Biologically, it is almost nothing. Humans share about 99.9 percent of their genetic material.¹⁴ That is not a metaphor. That is not a poetic way of saying we are all connected. That is the actual number. Which means most of what we build identities around, most of what we divide ourselves over, lives in the remaining fraction.
That fraction is doing a lot of work. There is a line of research that has been quietly uncomfortable for decades. It shows that there is often more genetic variation within a given population than between populations separated by geography.¹⁵ In other words, the categories we use to sort people feel far more distinct than they actually are.And yet we organize entire systems around them.
We build identities out of them. We build conflicts out of them. We build narratives that explain who belongs and who does not, who is safe and who is not, who is “like us” and who is something else. Staring me in the face was the result of so many hindrances to any kind of access. What we take (took) for granted growing up in the US is not a dream to the people I met in Ziway, as they developed their own way of dealing with things. But I learned from my Ethiopian medical school counterparts in Addis Ababa that it really doesn’t matter from where a doctor comes. It feels real.
That does not mean it is real in the way we think it is.
Robert Sapolsky (neuroscientist) has spent a career studying how biology intersects with behavior, and he is careful about what it does and does not explain. “Biology is about potential, not inevitability,” he writes.¹⁶ That is a polite way of saying that we come equipped with the capacity for a wide range of behaviors, but what we actually do with that capacity is shaped by environment, repetition, and reinforcement.

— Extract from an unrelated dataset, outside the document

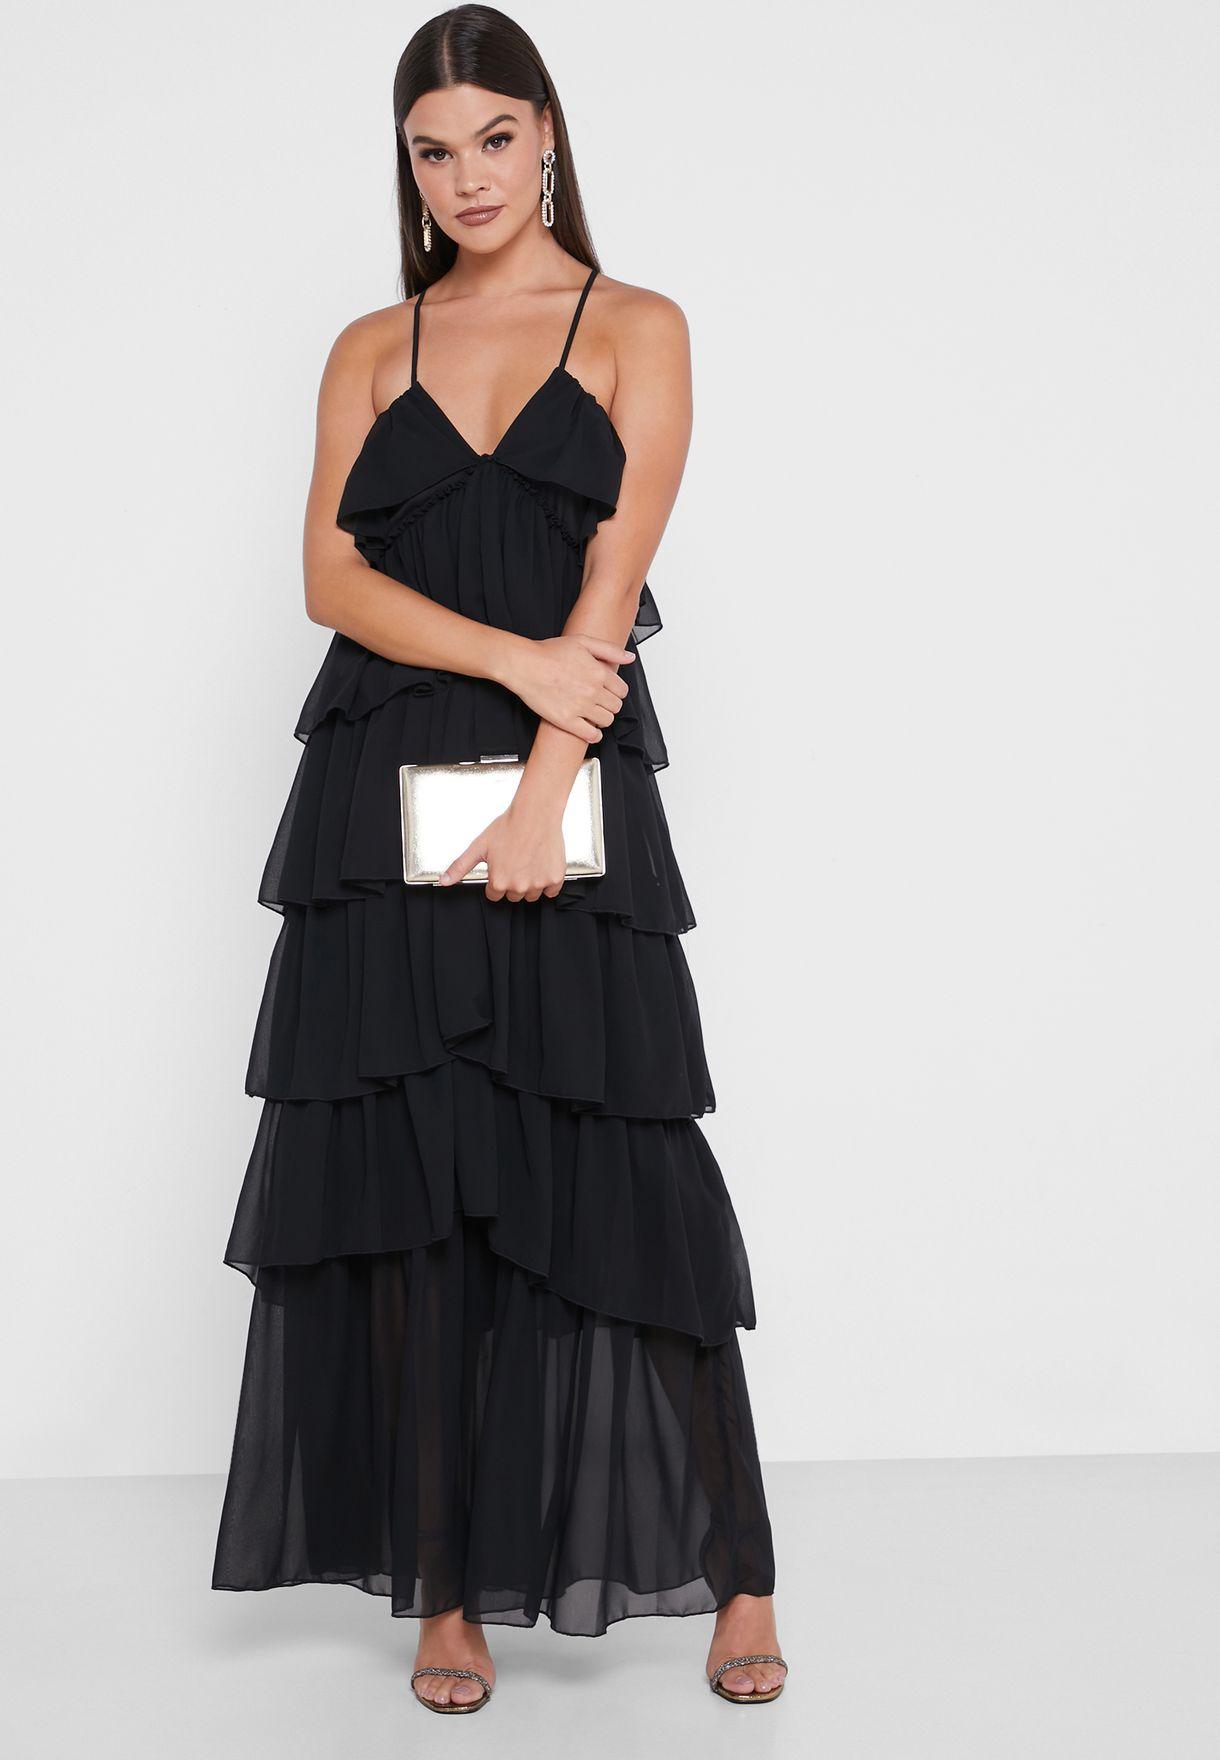 Ruffled Layered Dress

We are not hardwired for division in the way people sometimes suggest. We are trained into it. Which would be less concerning if we were also not so good at it.
There is something deeply human about drawing lines. It simplifies things. It creates a sense of order. It tells you where you stand without requiring too much thought. It also makes it very easy to forget how thin those lines actually are. Because once you start looking closely, they blur.
The person on the other side of whatever boundary you have drawn is, biologically speaking, almost identical to you. The differences that feel enormous from a distance shrink under scrutiny. What is left is a recognition that is harder to hold onto if your identity depends on the separation being real.
This is where things start to overlap with everything else in this piece. Because if you can convince people that the differences between them are fundamental, permanent, and meaningful enough to justify distance, then cooperation becomes harder. Empathy becomes conditional. Public health becomes fragmented. Education becomes uneven. Systems that depend on shared investment start to fracture.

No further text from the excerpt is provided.